KP-0363: Whether under the Utilities Code the Public Utility Commission has the legal authority to issue orders affecting pricing for the wholesale electricity market and ancillary services (RQ-0401-KP). The Utilities Code gives “complete authority” to the Public Utility Commission to adopt and enforce rules relating to reliability and accounting for the production and delivery of electricity among market participants. Specifically, subsection 39.151(d) of the Utilities Code authorizes the Public Utility Commission to oversee and investigate the independent organization (ERCOT) as necessary to ensure ERCOT’s accountability and to ensure that it adequately performs its functions and duties.

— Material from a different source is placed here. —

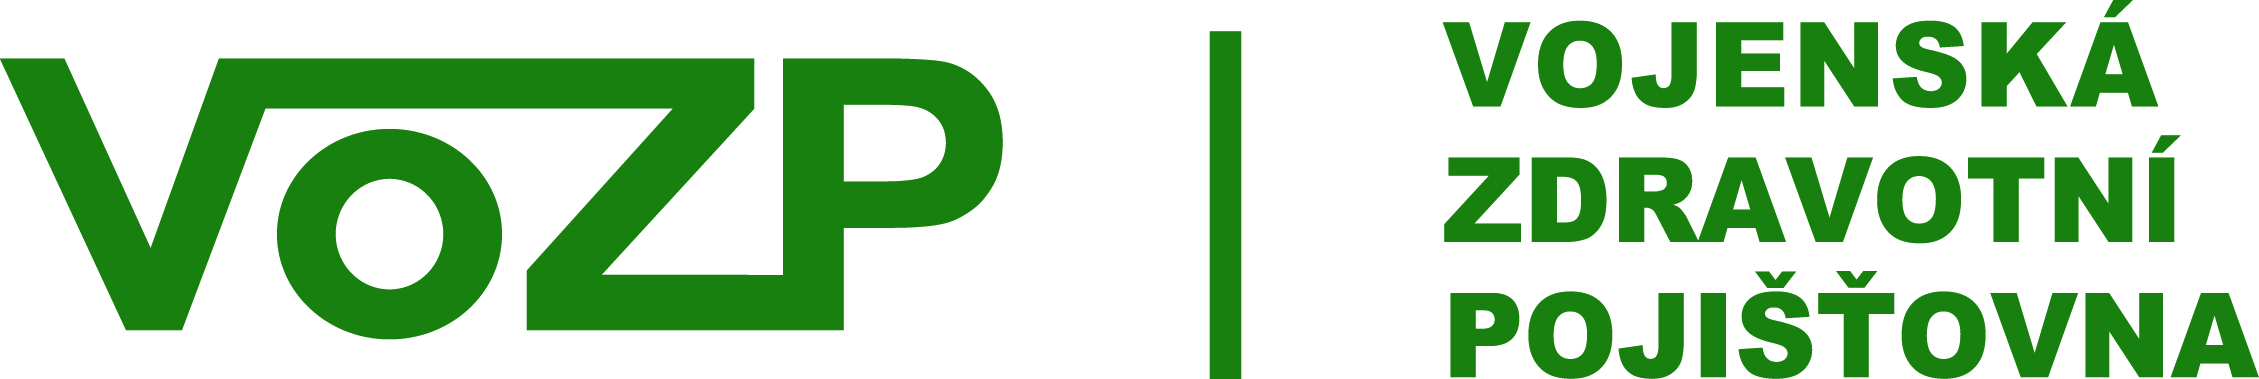 VoZP_logo4_krivky

Within the regulatory timelines, ERCOT can also revise pricing on the wholesale electricity market if certain events occur.
Under the plain language of subsection 39.151(d), the Public Utility Commission has complete authority to act to ensure that ERCOT has accurately accounted for electricity production and delivery among market participants in the region. Such authority likely could be interpreted to allow the Public Utility Commission to order ERCOT to correct prices for wholesale electricity and ancillary services during a specific timeframe.
A court would likely find that such corrective action by the Public Utility Commission under subsection 39.151(d) does not raise constitutional concerns, namely under article 1, sections 16 and 17 of the Texas Constitution, provided that such regulatory action furthers a compelling public interest.
Request for Attorney General Opinion
RQ-0400-KP: The Honorable Mark A. Gonzalez, Nueces County District Attorney. Authority of a district attorney to represent the State in litigation over an emergency protective order under Code of Criminal Procedure article 17.292 issued by a municipal judge sitting as a magistrate.